The duo will invest in early and mid-stage companies whose products or services lead to reduced carbon emission. Most of the investments will be in spaces like energy storage, battery technology and services, sustainable agriculture, and green building. These are sectors that potentially can have maximum impact on the reduction of carbon footprint, Moily said.

Karnataka Startup Vision Group chairman Prashanth Prakash said climate tech is at a crucial juncture. “It is one area where the business world and the social world are more intertwined than any other space that we can think of.

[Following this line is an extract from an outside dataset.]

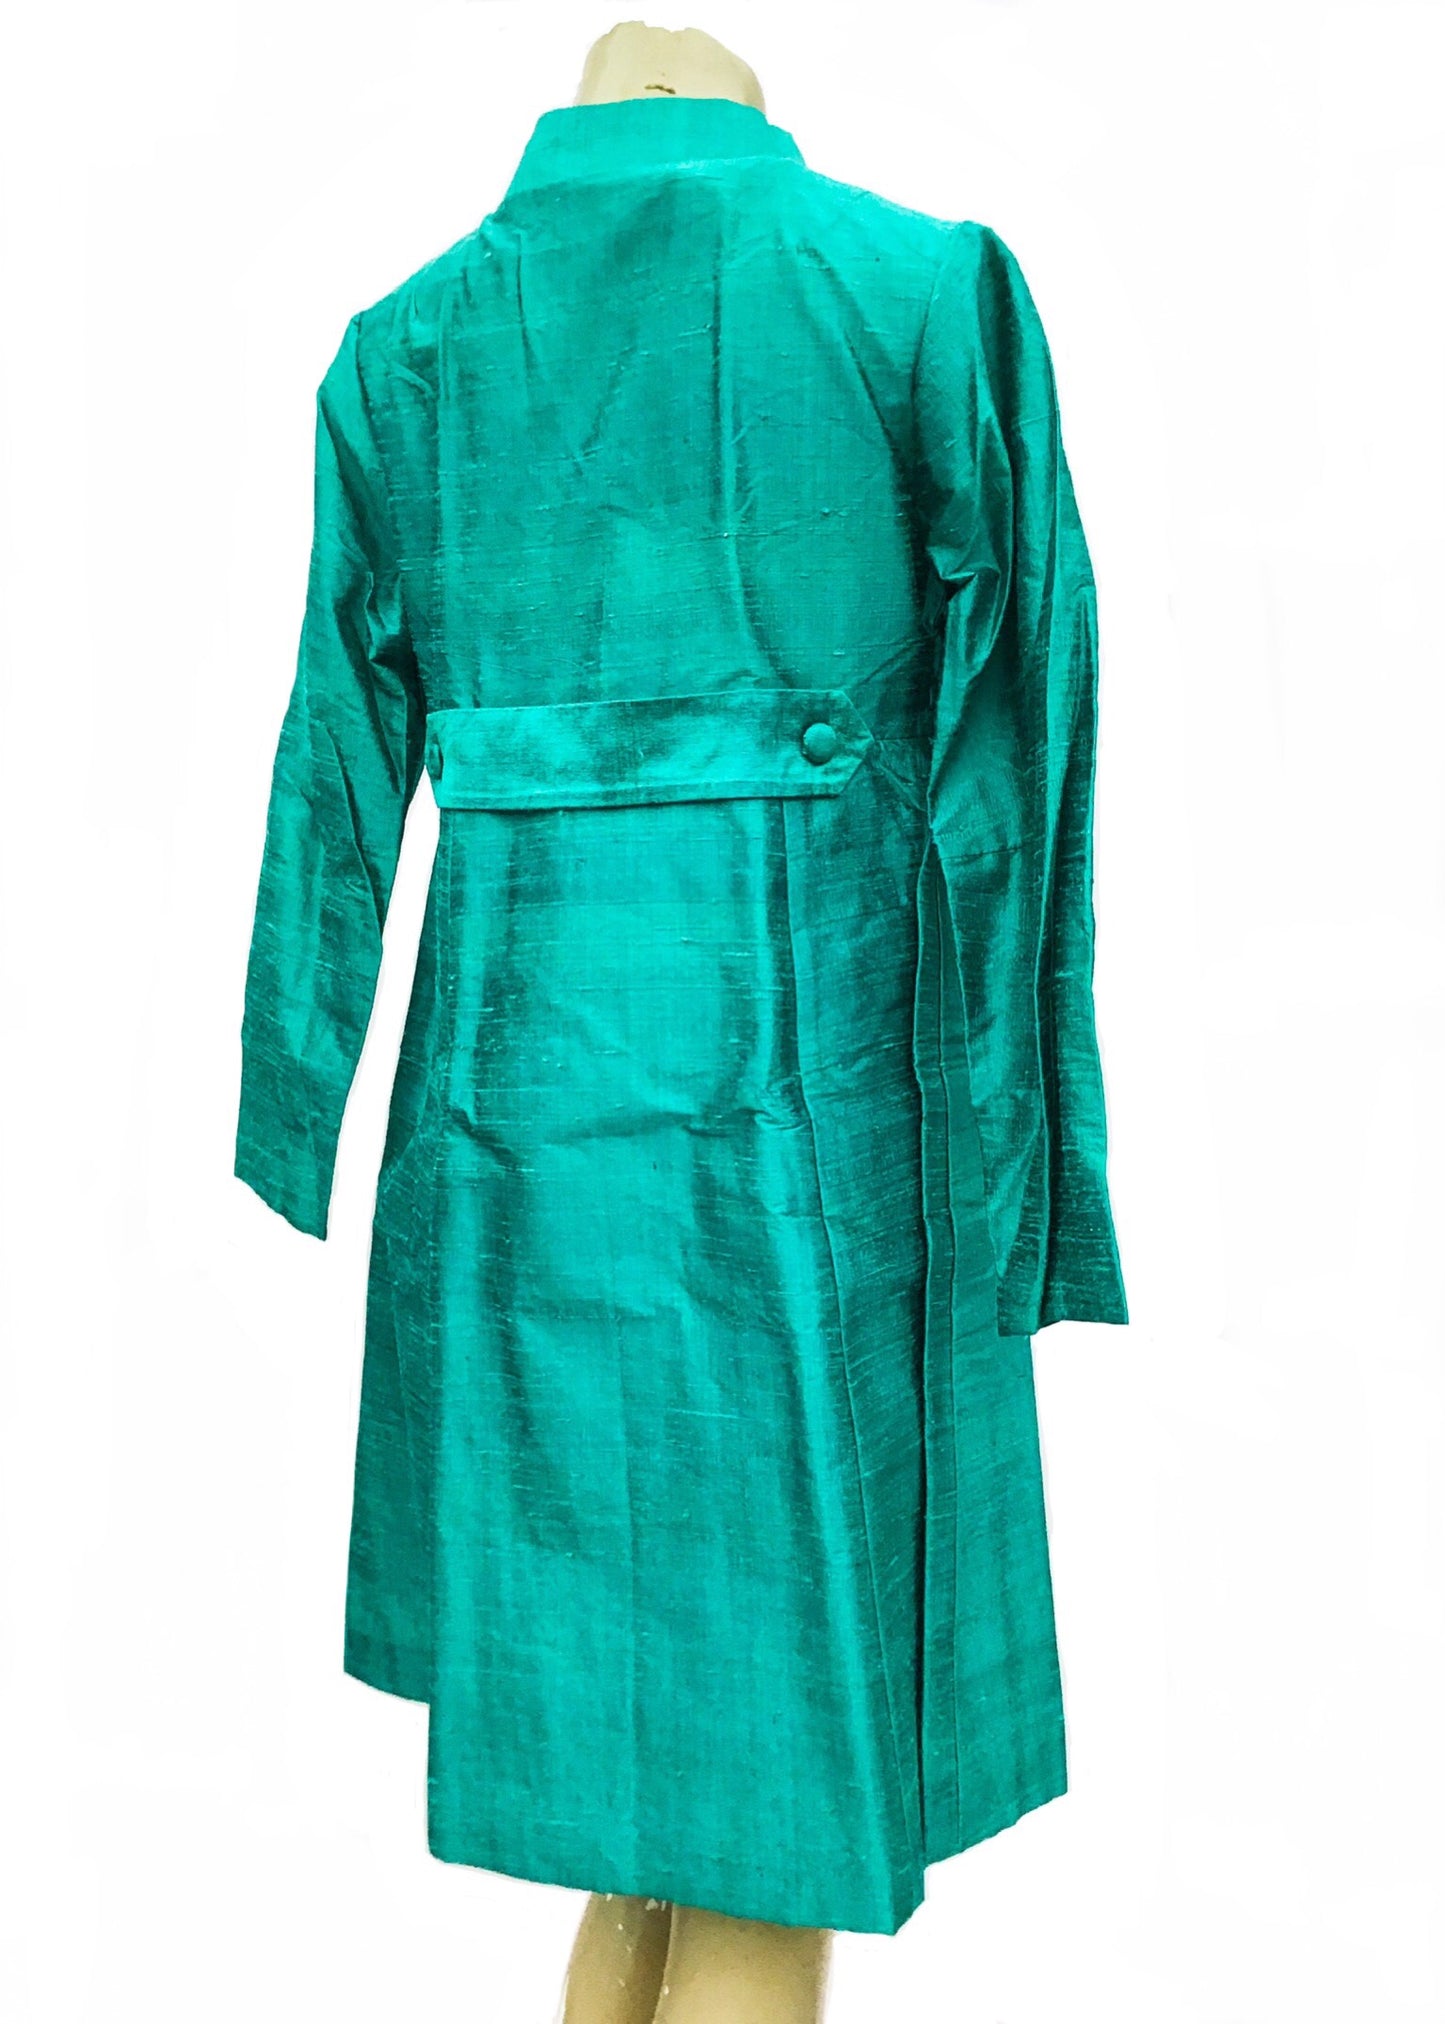 1960s Vintage Turquoise Shangtung Raw Silk Cocktail Coat

In fact, the next couple of venture capital cycles will see significant participation from climate tech startups.”

The market, he added, is global and significant disruptions in this space can result in “big” venture-like outcomes.

India is going to be on the frontlines for both mitigation and adaptation, and the opportunity is both massive and inevitable, according to a tweet by Harsh Dubey, general manager at Lowercarbon Capital, a Washington-based firm that backs companies that cut CO2 emissions.

NFC Ventures also plans to have a micro fund within the larger fund to invest in about 15 companies, which could be moonshots, and one that could over a period be game changers in the climate tech space, the two co-founders said.

India has closely aligned itself with the global climate cause, and Prime Minister Narendra Modi even urged the G-20 countries at its recent meet in Italy to set up a clean energy projects fund, among others. In the last seven years, India’s installed solar energy capacity has increased 17 times as the country has set major milestones.